Interocular MOPP was strongly correlated in our study (r = 0.96). This is unsurprising, as IOPavg values did not differ significantly between both eyes, and values correlated with one another. Several studies have correlated glaucoma progression to a decrease in MOPP [35] but our study showed no significant association between the two. A reason for this may be the use of only one blood pressure measurement (on admission) and, thus, the inability to detect possible perfusion pressure fluctuations.

Our study had several limitations. Although the majority of glaucomas in our analysis were bilateral, some types, such as pseudoexfoliation glaucoma, are typically initially unilateral. We performed a subanalysis of PXG patients for this reason and found that the results were similar to the other patients. An important shortcoming of our study is the method of how the IOP was obtained and that patients may have had an improved medication adherence while under observation, commonly referred to as the observer or Hawthorne effect [36]. Another problem is the fact that IOP values and patterns of a single day are often not reproducible [37], an issue that can be overcome with implantable IOP sensors.
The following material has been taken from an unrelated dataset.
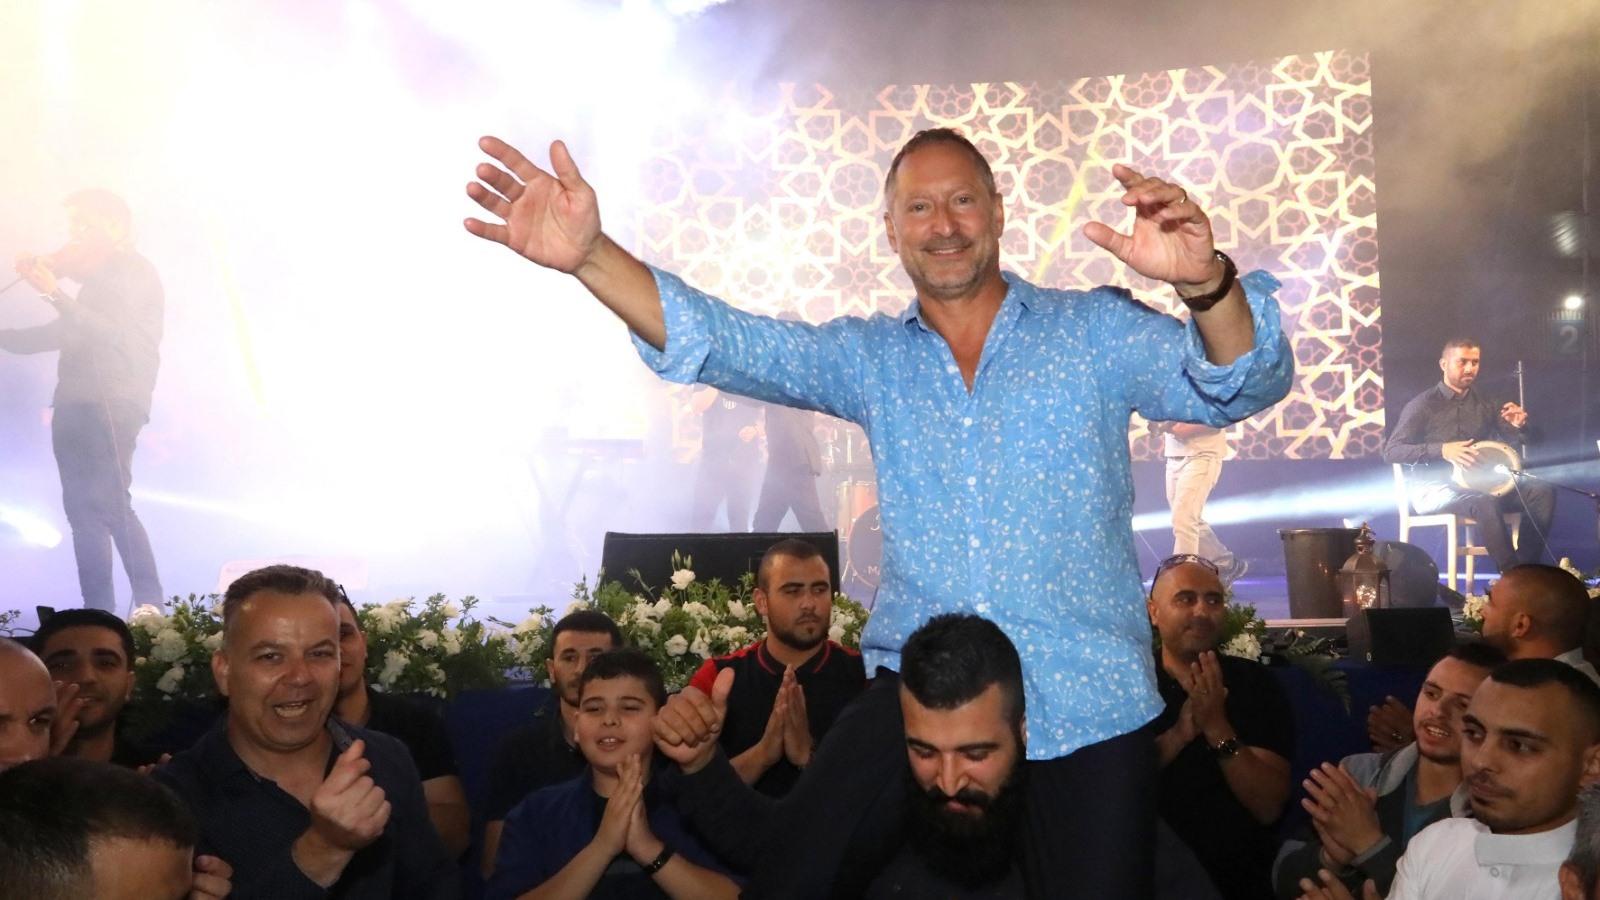 Israelis, Palestinians Share Ramadan Meal At Sodastream photo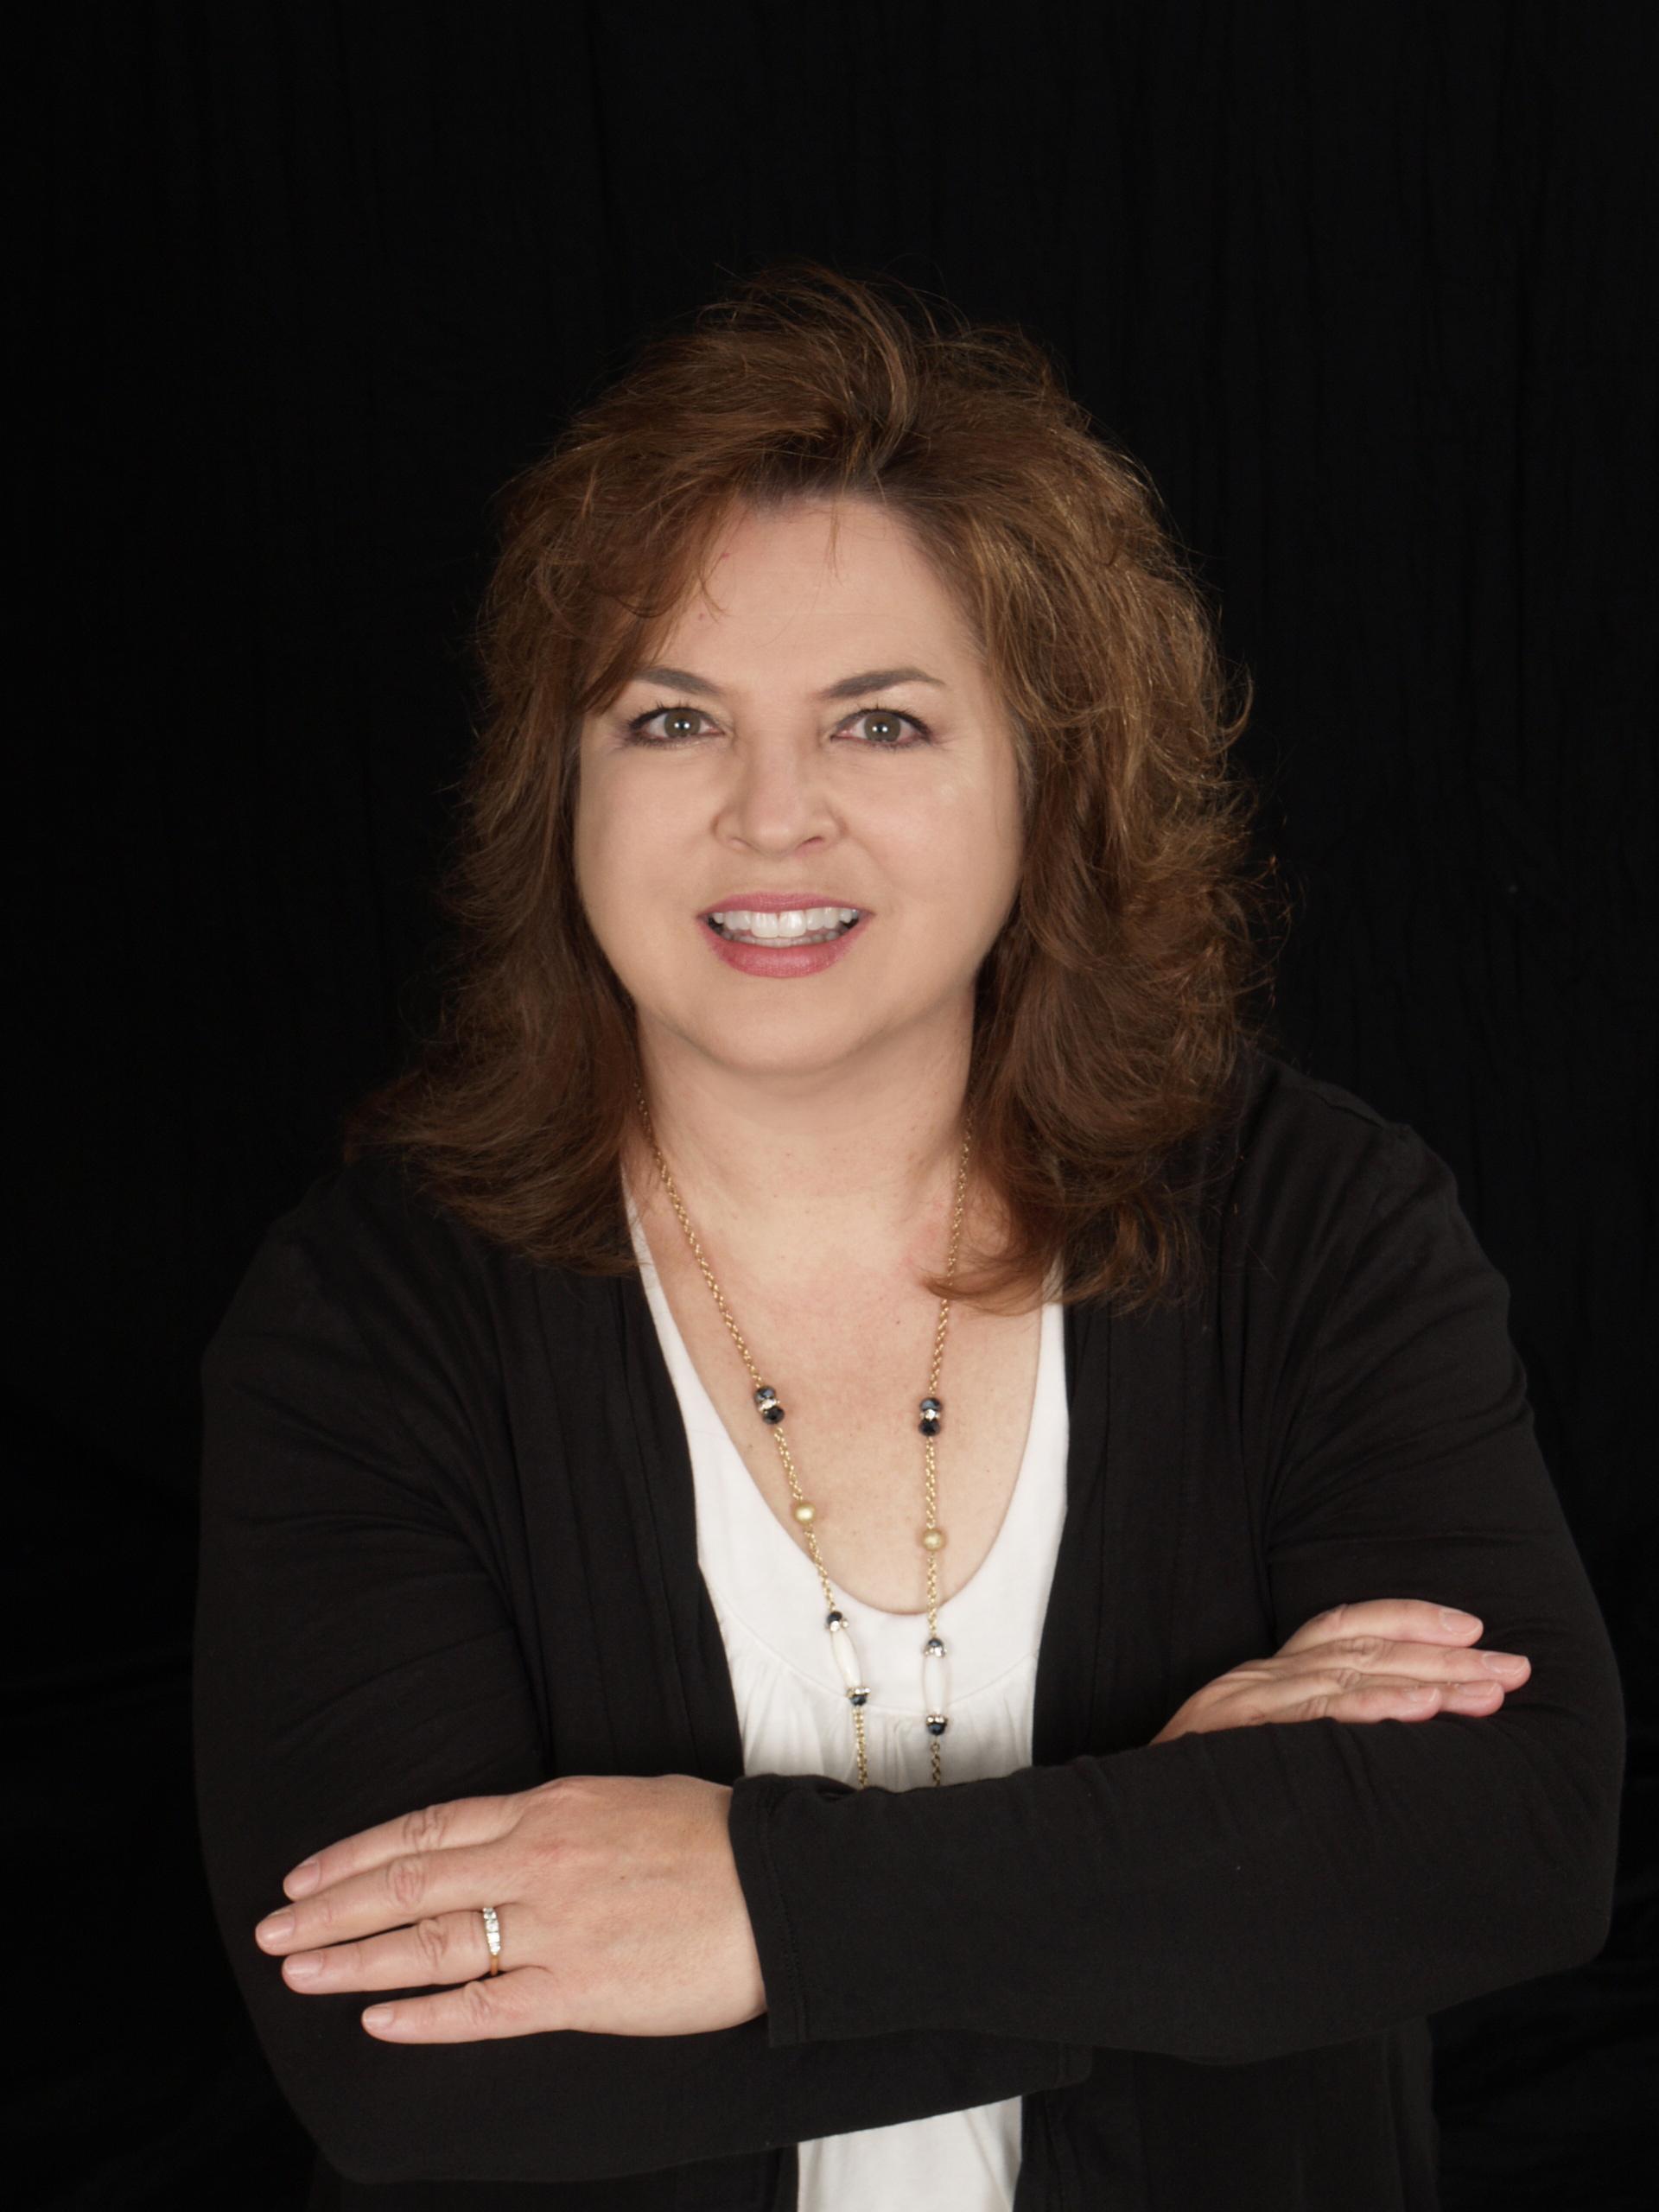 Teresa Professional Pictures - 2014.jpg

The habitual, supine measurements were obtained with a Perkins tonometer, instead of a Goldmann tonometer that was used in the seated position during the day. Although both have been reported to be generally in good agreement [38], obese patients can have false high readings when seated in front of a Goldmann tonometer [39, 40]. Ideally, patients should have been measured with the same tonometry throughout the day, for instance with a pneumatonometer, commonly used in 24-h IOP sleep studies [41]. This practice has since been adopted in our hospital.

In conclusion, IOP parameters extracted from 24-h monitoring failed to predict disease progression in left eyes. IOPs and MOPPs of left and right eyes were positively correlated with each other and the vast majority of eyes, who had a significant RNFL loss in one eye, exhibited a similar pattern in the fellow eye.